● The task:
Copy out the data below as written; omit any images.

● Data:
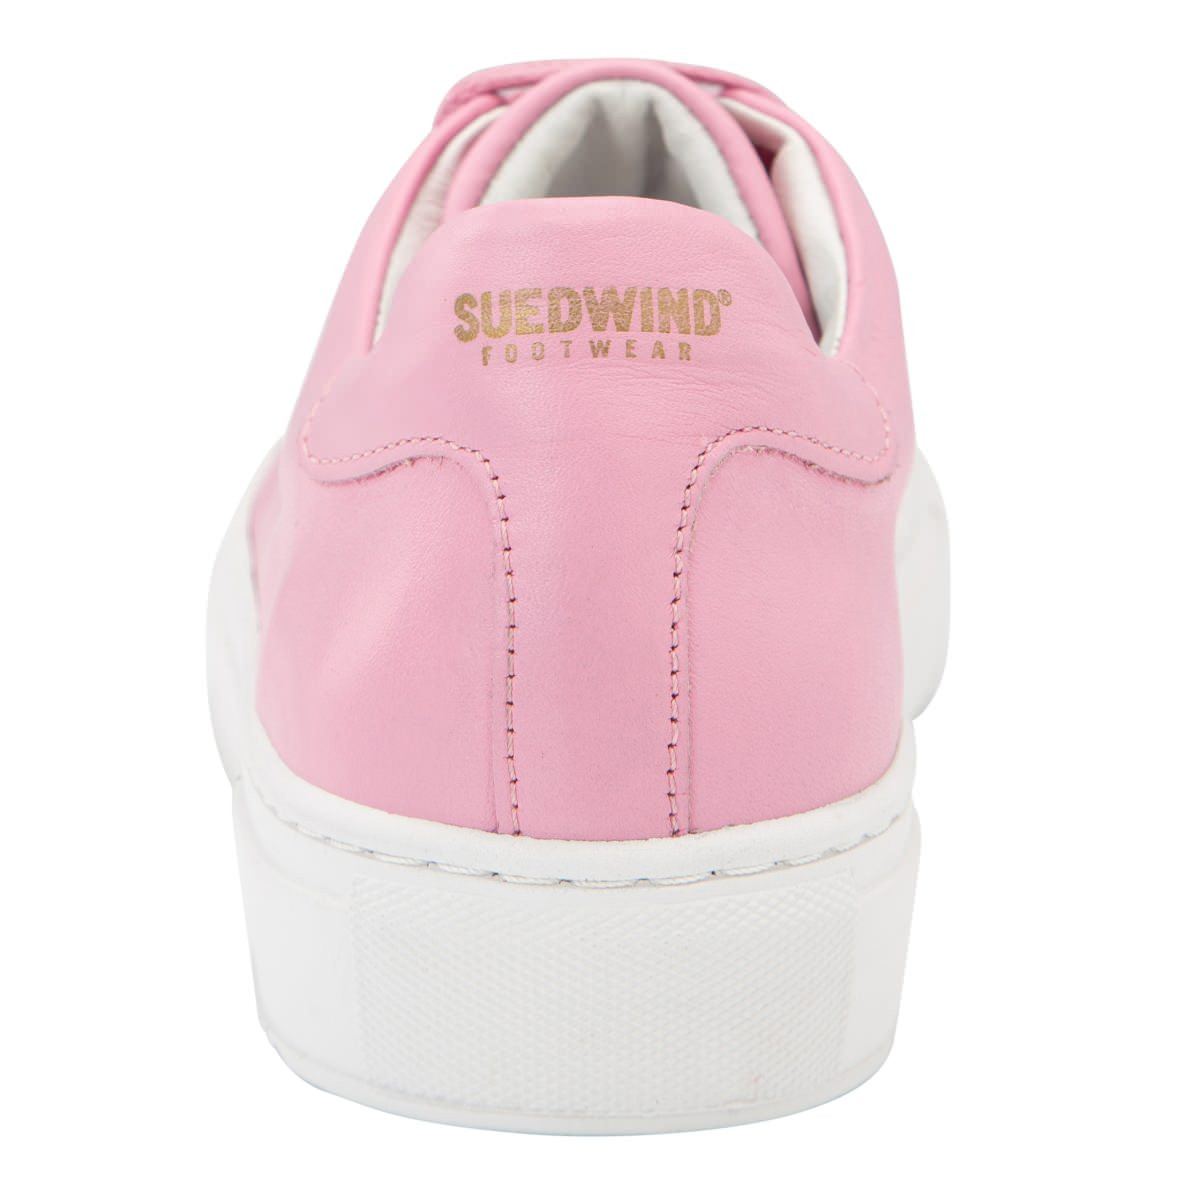 Suedwind-Ashton-Leather-Leder-Sneaker-Schuhe-Boots-Pink-10170027-04_1280x1280
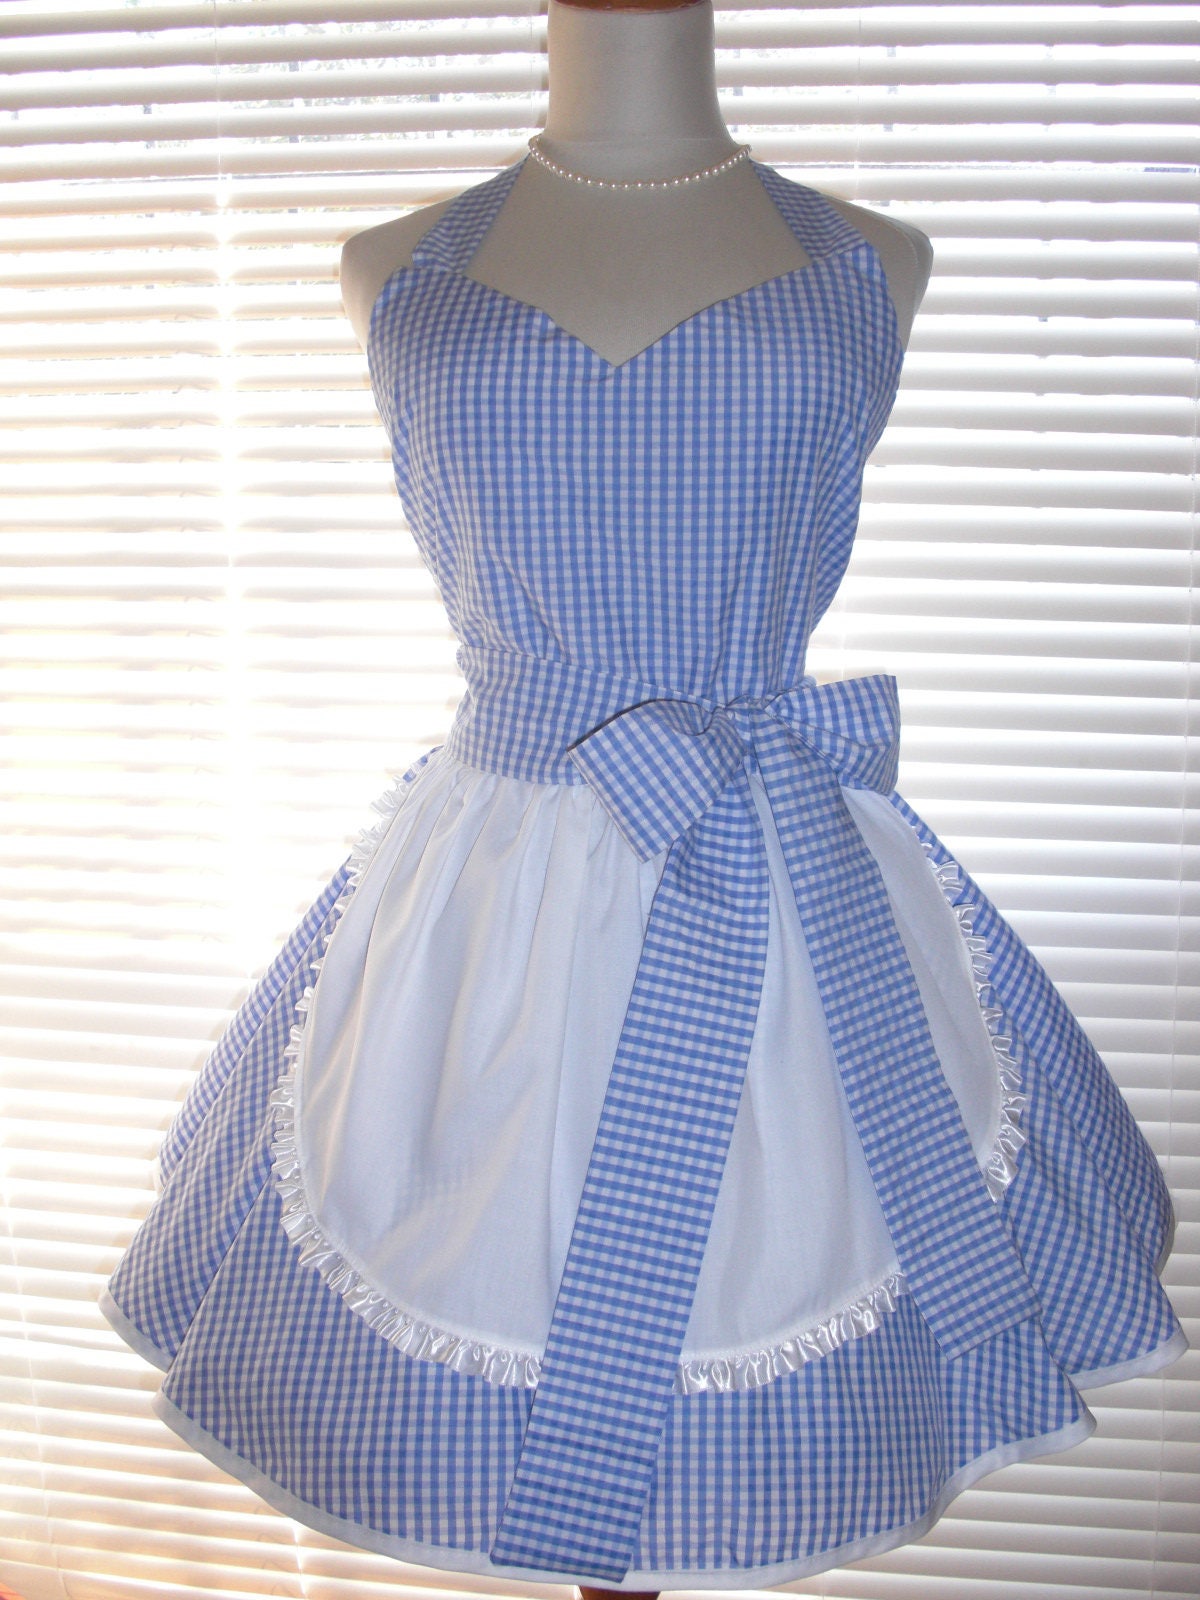 Retro Costume Apron French Maid Apron Blue and White Gingham | Etsy
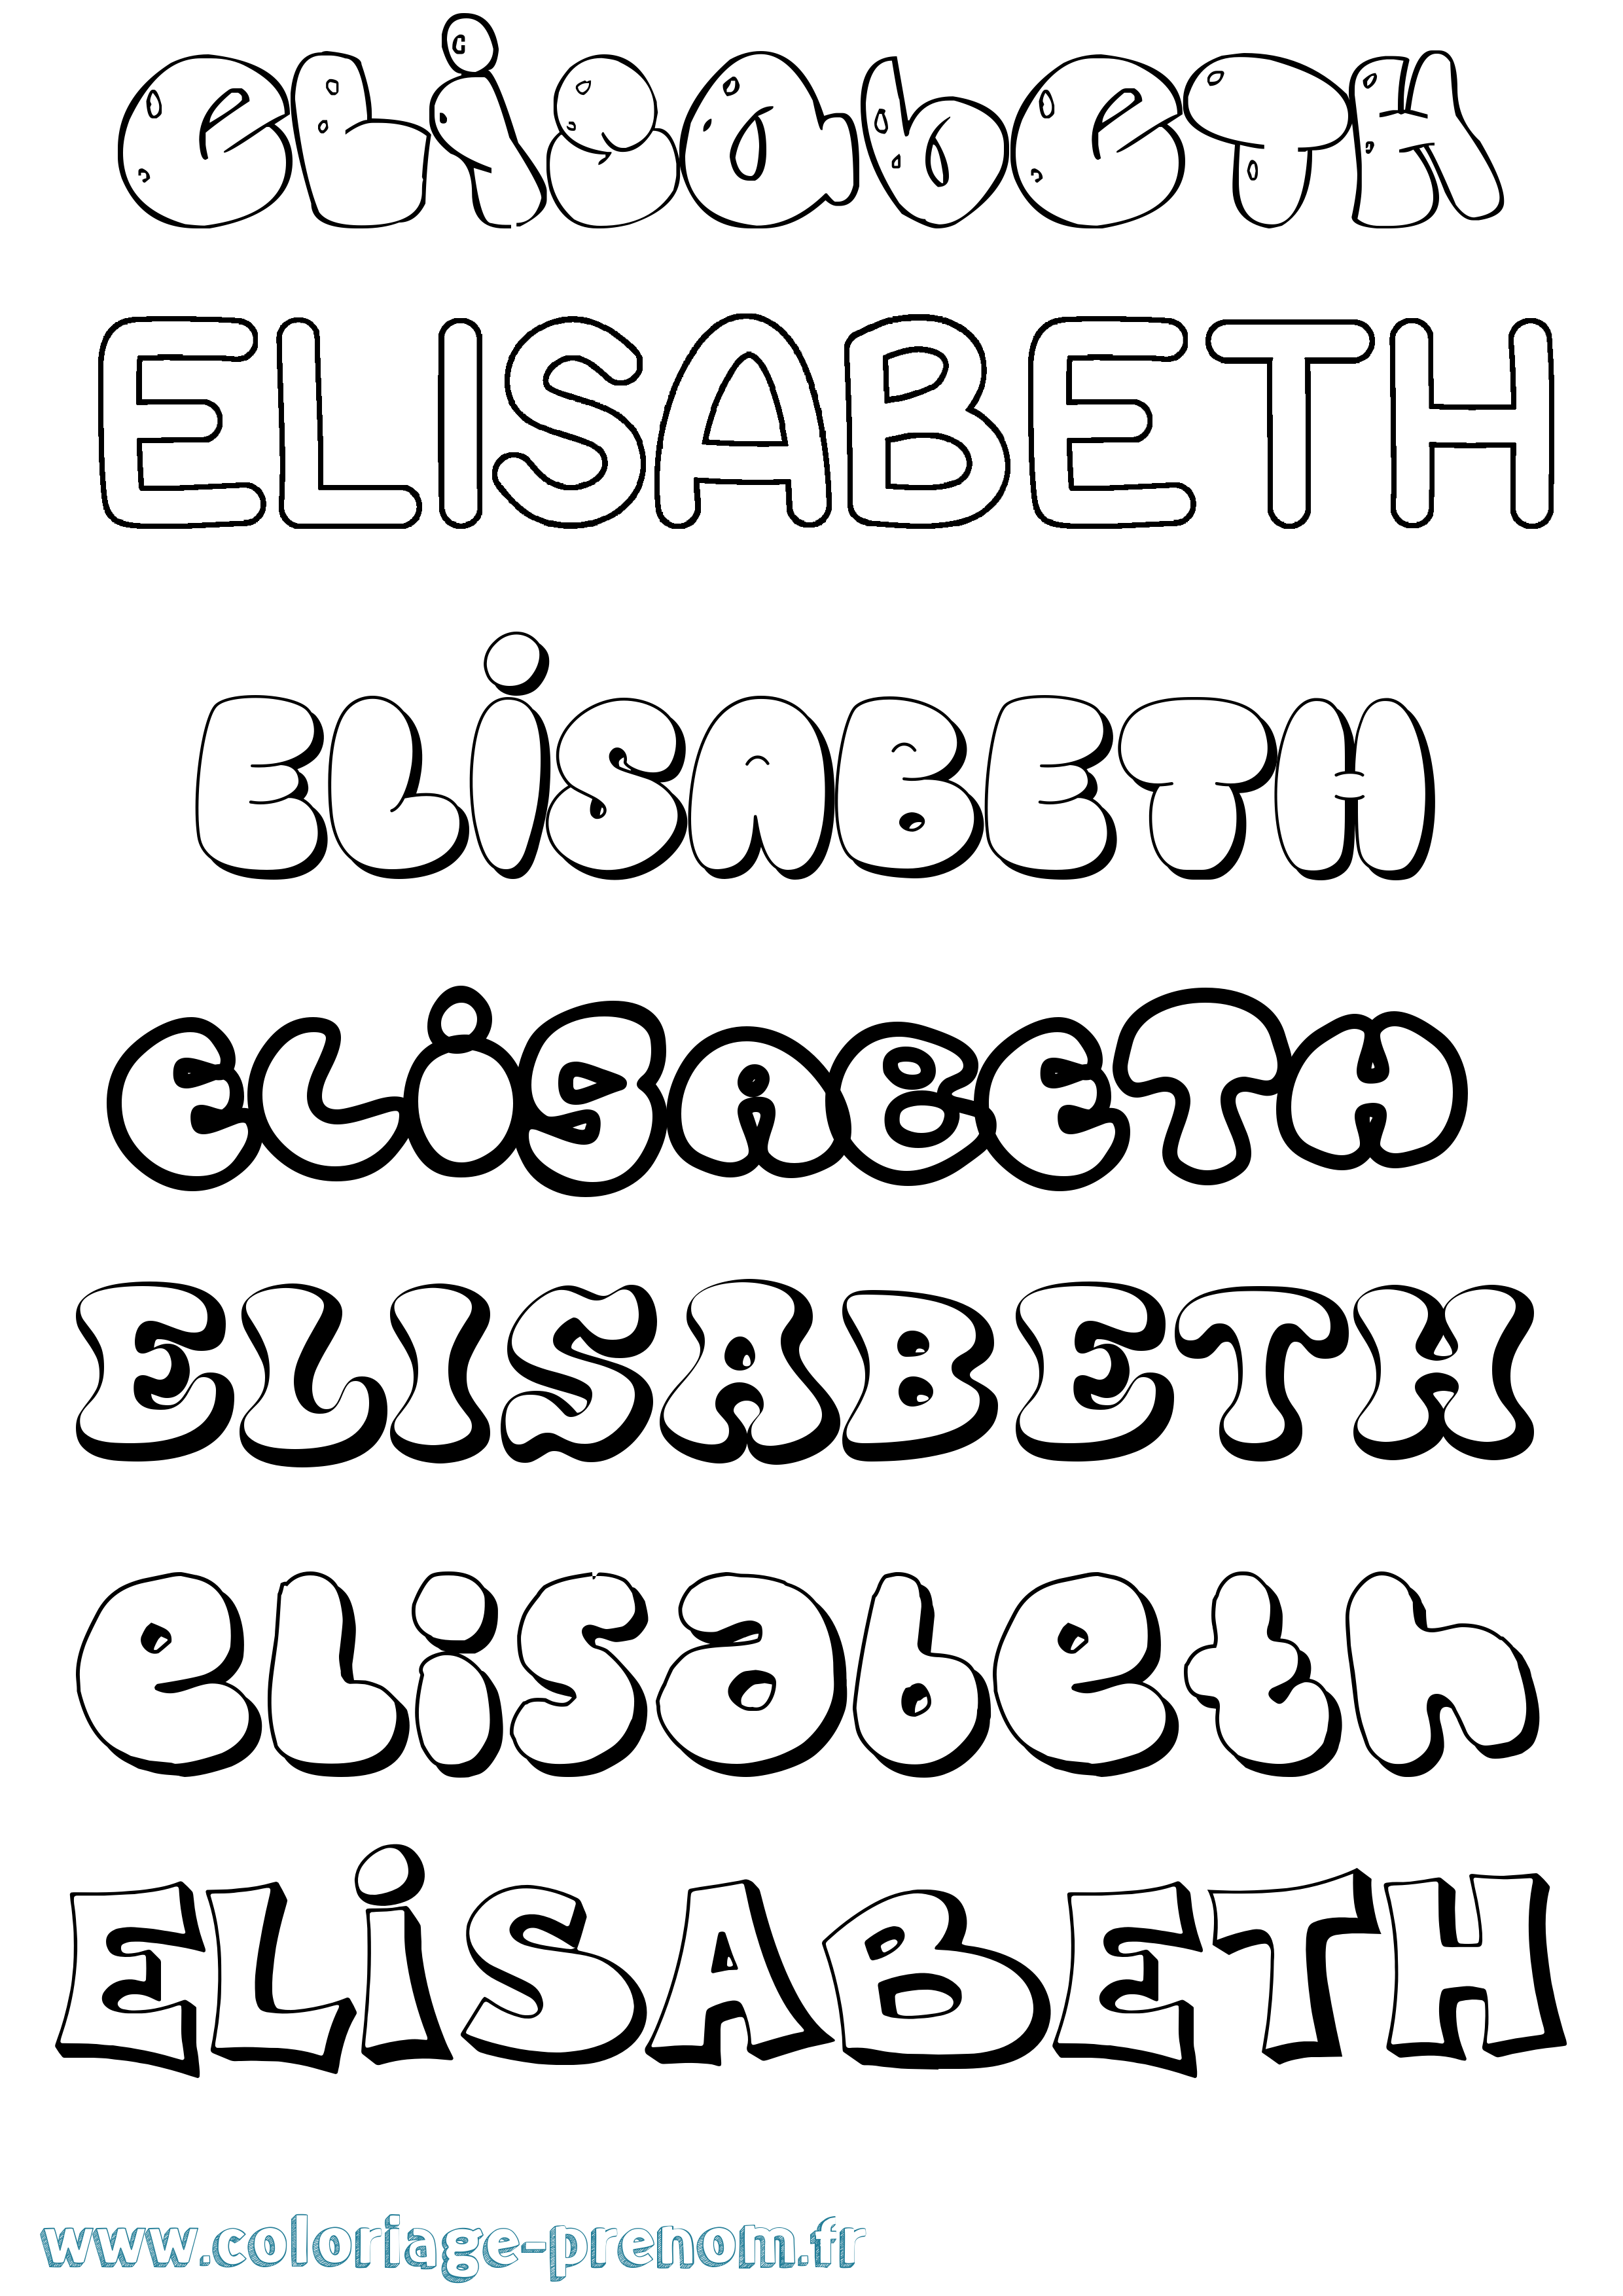 Coloriage prénom Elisabeth Bubble

● Finished exercise:
 Suedwind-Ashton-Leather-Leder-Sneaker-Schuhe-Boots-Pink-10170027-04_1280x1280
 Retro Costume Apron French Maid Apron Blue and White Gingham | Etsy
 Coloriage prénom Elisabeth Bubble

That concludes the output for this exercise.